PROBLEM REQUIREMENTS: The expected response is the complete listing below, restated exactly, with its pictures omitted.

COLLECTED MATERIAL:
- Opening Delimiter -
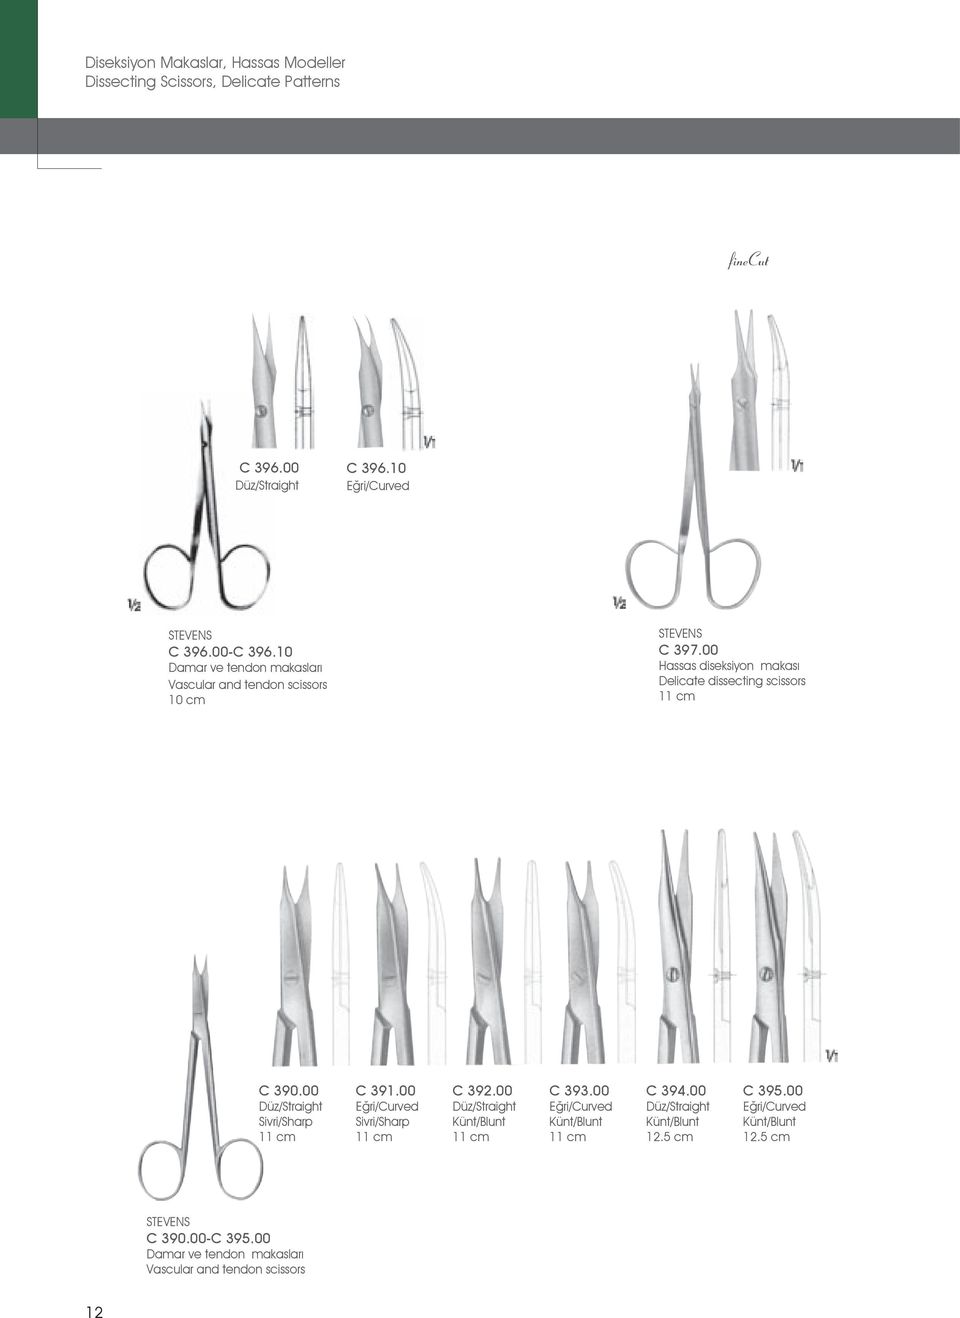 00 Hassas diseksiyon makası Delicate dissecting scissors cm C 0.00 Düz/Straight Sivri/Sharp cm C.00 Eğri/Curved Sivri/Sharp cm C.
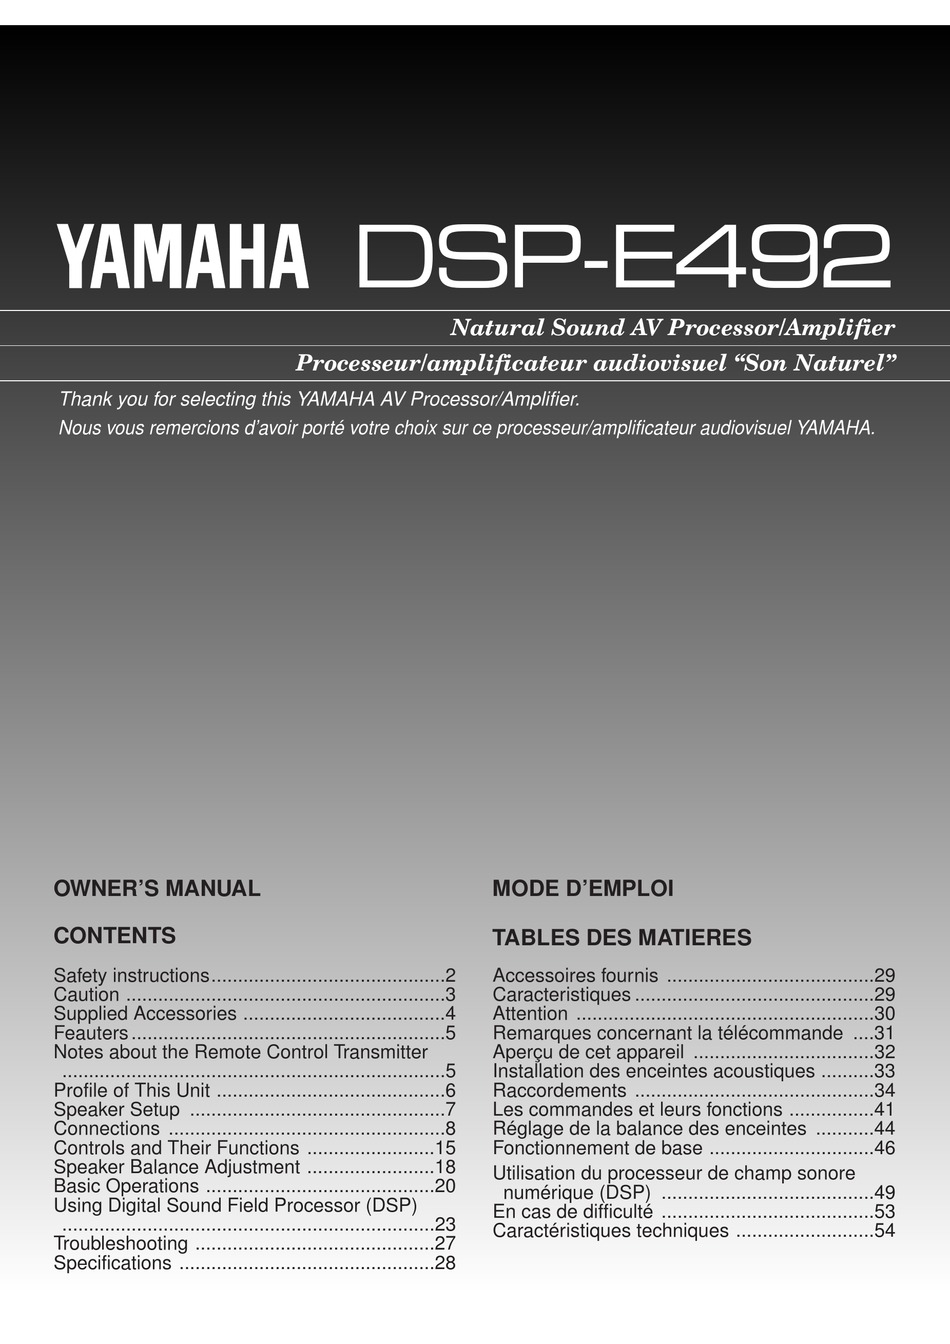 YAMAHA DSP-E492 OWNER'S MANUAL Pdf Download | ManualsLib
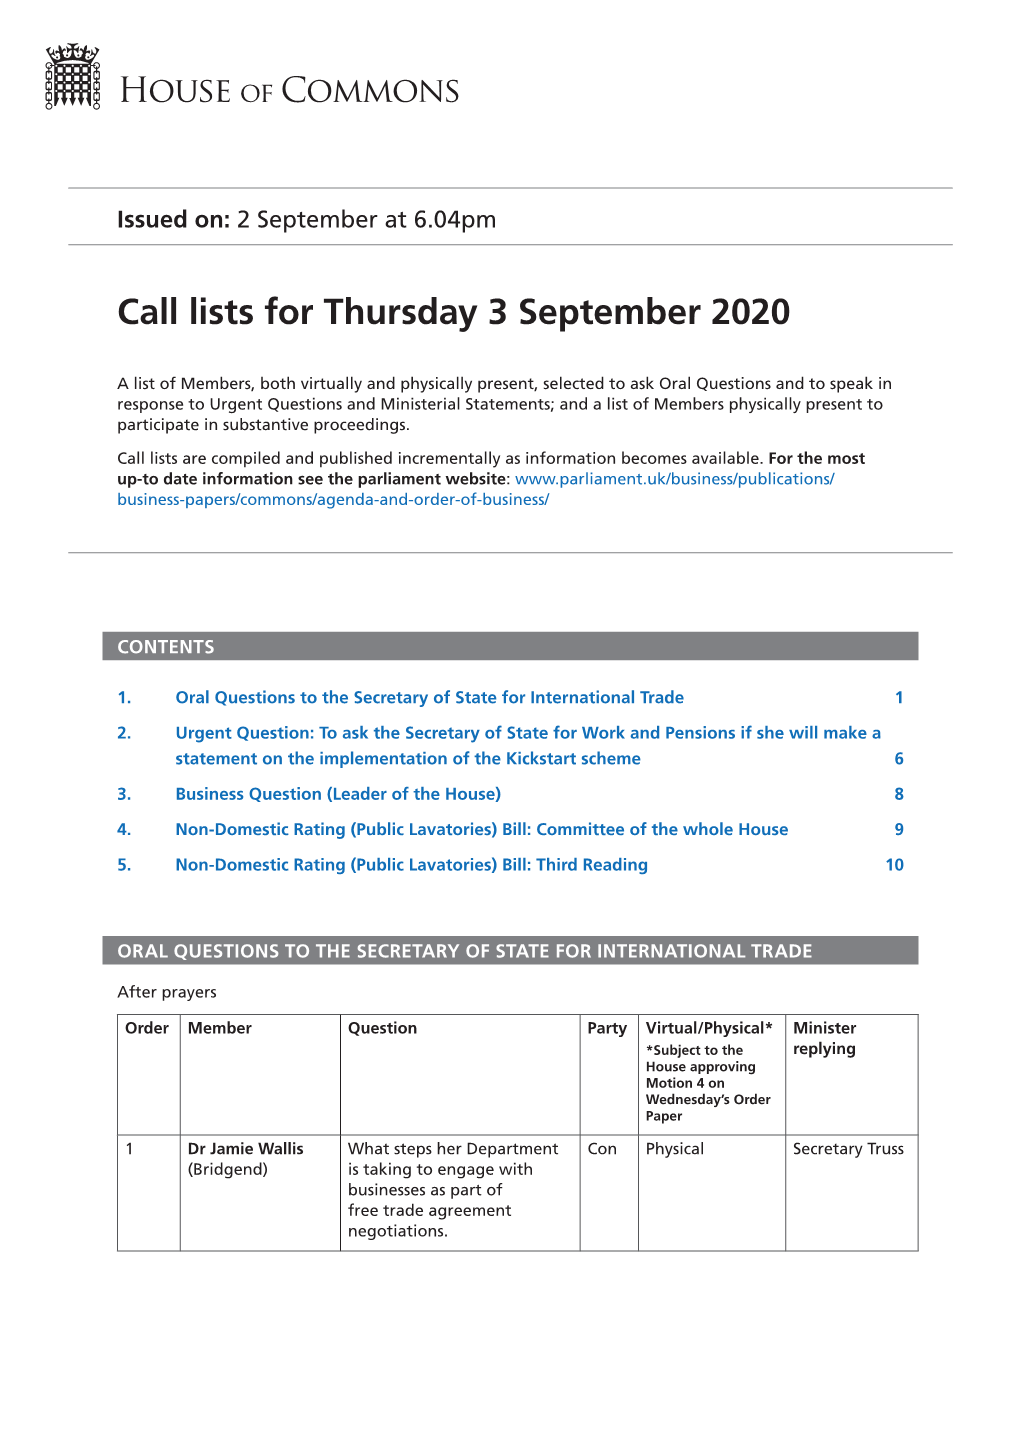 Call List for Thu 3 Sep 2020
- Closing Delimiter -
REPLY TO THE TASK:
 00 Hassas diseksiyon makası Delicate dissecting scissors cm C 0.00 Düz/Straight Sivri/Sharp cm C.00 Eğri/Curved Sivri/Sharp cm C.
 YAMAHA DSP-E492 OWNER'S MANUAL Pdf Download | ManualsLib
 Call List for Thu 3 Sep 2020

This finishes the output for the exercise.